Investors around the world seem more upbeat about the economy after a rough week. Leading stock indices in Asia ended higher, and in Europe they're off to a positive start today. Even in France. Which is surprising since the markets there, not to mention the French people, are still digesting news of a historic case of fraud inside one of their country's biggest banks. Executives say a trader racked up more than $7 billion in trading losses.

And from Paris we have more this morning from Eleanor Beardsley.

ELEANOR BEARDSLEY: In one fell swoop, Societe Generale, one of France's oldest banks and a world leader in financial derivatives, lost $7.2 billion at the hands of a young backroom trader. The investment banker was no bigwig and had a modest salary, but he had worked his way through the bank's trading department since 2000 and knew the system.

Societe Generale's CEO Daniel Bouton said the trader had been able to conceal his own mini-company from the rest of the bank.

Mr. DANIEL BOUTON (Societe Generale): (Through translator) He was intimately knowledgeable about our control processes, so he was able to build his own positions and hide them each time by other positions that were completely fictitious.

BEARDSLEY: The news shocked France and played all day on television. Information is slowly coming out about the trader, a 31-year-old Frenchman named Jerome Kerviel, who worked in Paris. One bank board member had called him no rising star, but his spectacular cover-up earned him the moniker Genius of Fraud from the French Central Bank chairman.
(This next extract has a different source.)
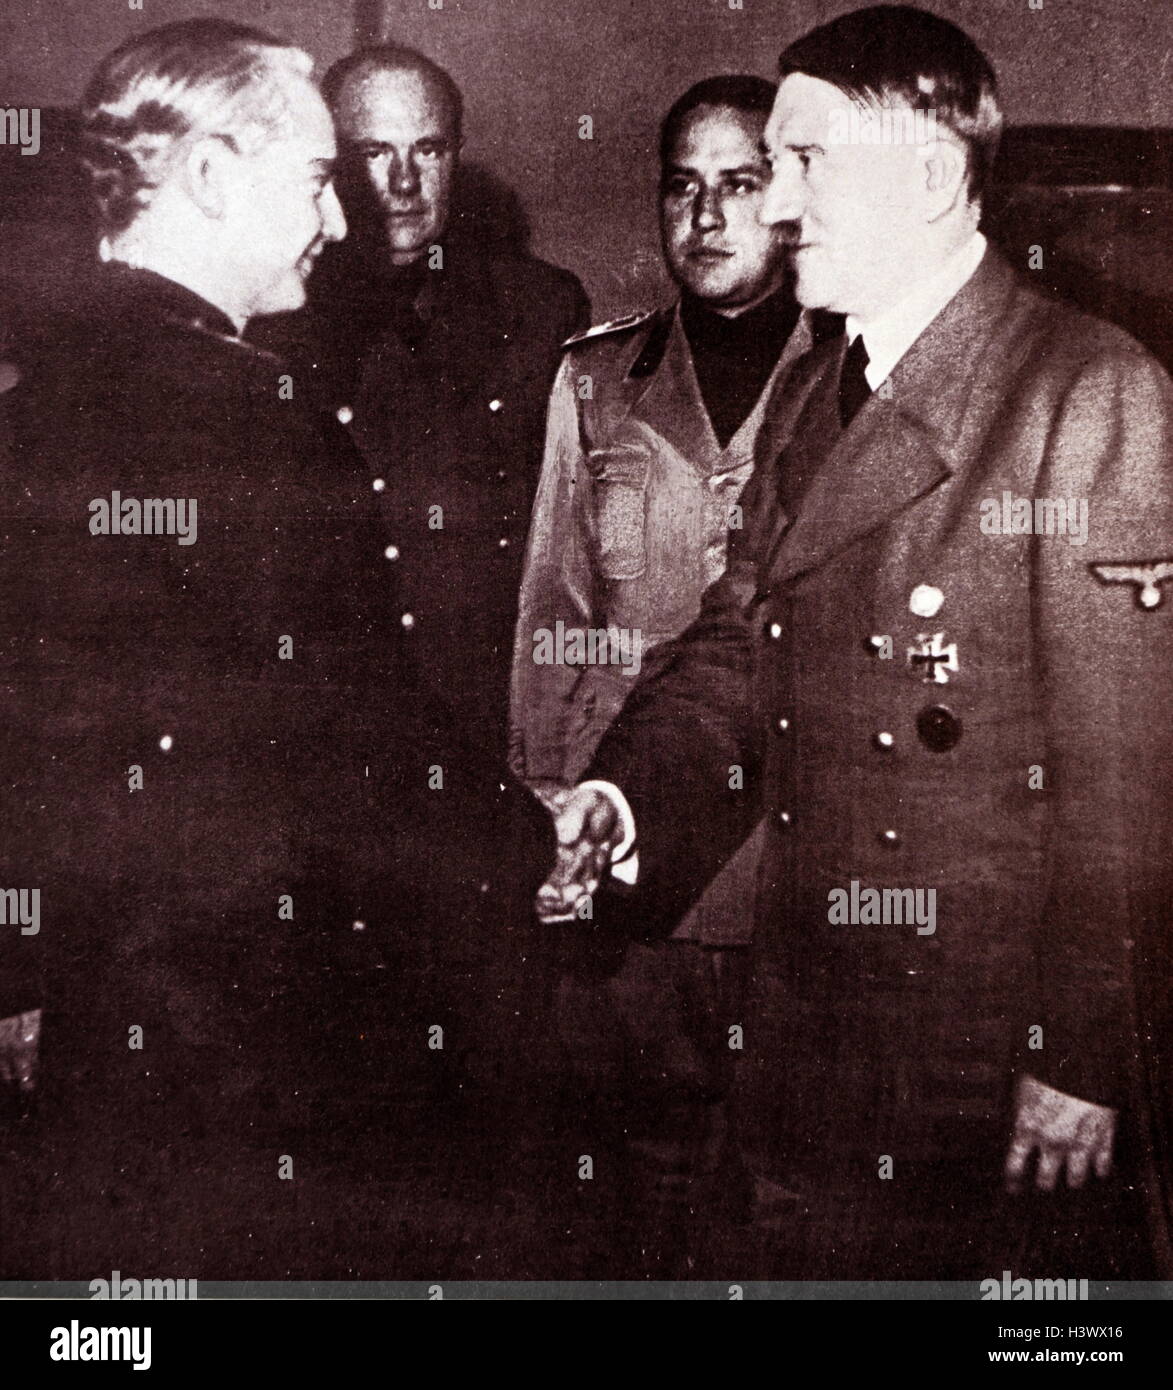 Foto: Adolf Hitler (1889-1945), deutscher Politiker, war der Führer der Nsdap, Bundeskanzler von Deutschland und Führer des nationalsozialistischen Deutschland. Vom 20. Jahrhundert Stockfoto

Kerviel had been betting Societe Generale's billions over the last year but was only discovered last week. The company frantically closed out its remaining exposure to his trades early this week as markets whipsawed. The bank's losses were magnified by the market plunge, says economist Catherine Lubojinsky(ph), but this has happened before.

Ms. CATHERINE LUBOJINSKY (Economist): (Speaking French)

BEARDSLEY: Banks regularly lose hundreds of millions of euros because of rogue traders who manage to avoid surveillance, says Lubojinsky. Zero risk just doesn't exist.

Kerviel has been fired and Societe Generale has launched legal proceedings against him. Bizarrely, officials say it doesn't look like he personally profited from the scam. Still, commentators were left asking how it could happen all over again.

The name Nicholas Leeson was on everyone's lips. Leeson was the rogue trader who brought down Barings Bank 13 years ago. His $1.4 billion scam was similar, but it pales in comparison to yesterday's fraud.

Now out of jail, Leeson says the system needs more reforms.

Mr. NICHOLAS LEESON (Former Trader): There should have been, you know, there should have been checks and controls in place to stop him stepping outside of those limits. You're still looking at a system or a situation where the systems and the controls aren't good enough. The people in place to look after those systems and controls simply aren't good enough, either.

BEARDSLEY: The French finance minister proposed stricter controls in the French parliament, while French President Nicolas Sarkozy assured the public that the French financial system was solid.

Meanwhile, Societe Generale said it would rebuild with a capital increase of $5.5 billion euros, and in an act of contrition the bank's CEO says he will forego his bonus and salary for the next six months.

For NPR News, I'm Eleanor Beardsley in Paris.